I asked for his advice and comments a handful of times after that and, again, he found space and time in his life to respond fully and thoughtfully. The last interaction we had was to talk about some thoughts I'd been having on his definition of quality, about the idea that it was possible to entertain simultaneously two or more views about the quality of products such as a Rolls Royce.

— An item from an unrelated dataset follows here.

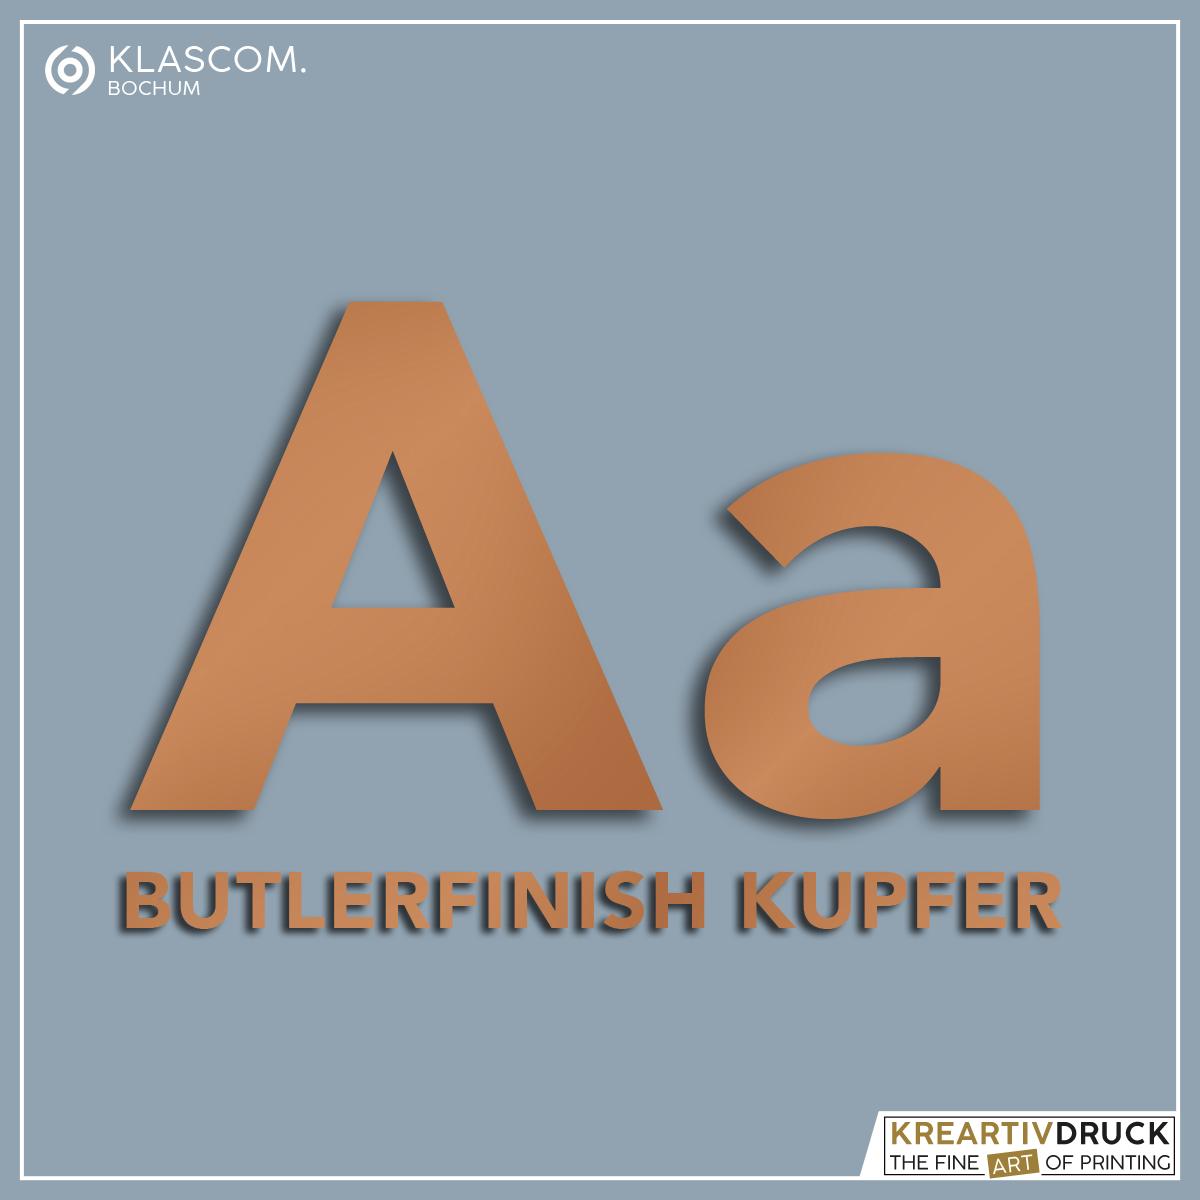 butlerfinish_kupfer

His position was essentially that I was wrong, but he delivered it kindly:
As long as it's just in your head, it doesn't matter. When you come down to action, it makes a difference. Either you buy the Rolls or you don't. What you're willing to pay, or sacrifice, determines the "quality" at that moment.While the rule of three might be a useful device for exploring understanding, and while I might convince myself that I can hold two views on the quality of a particular luxury car, I am certain that I only have one perspective on Jerry Weinberg.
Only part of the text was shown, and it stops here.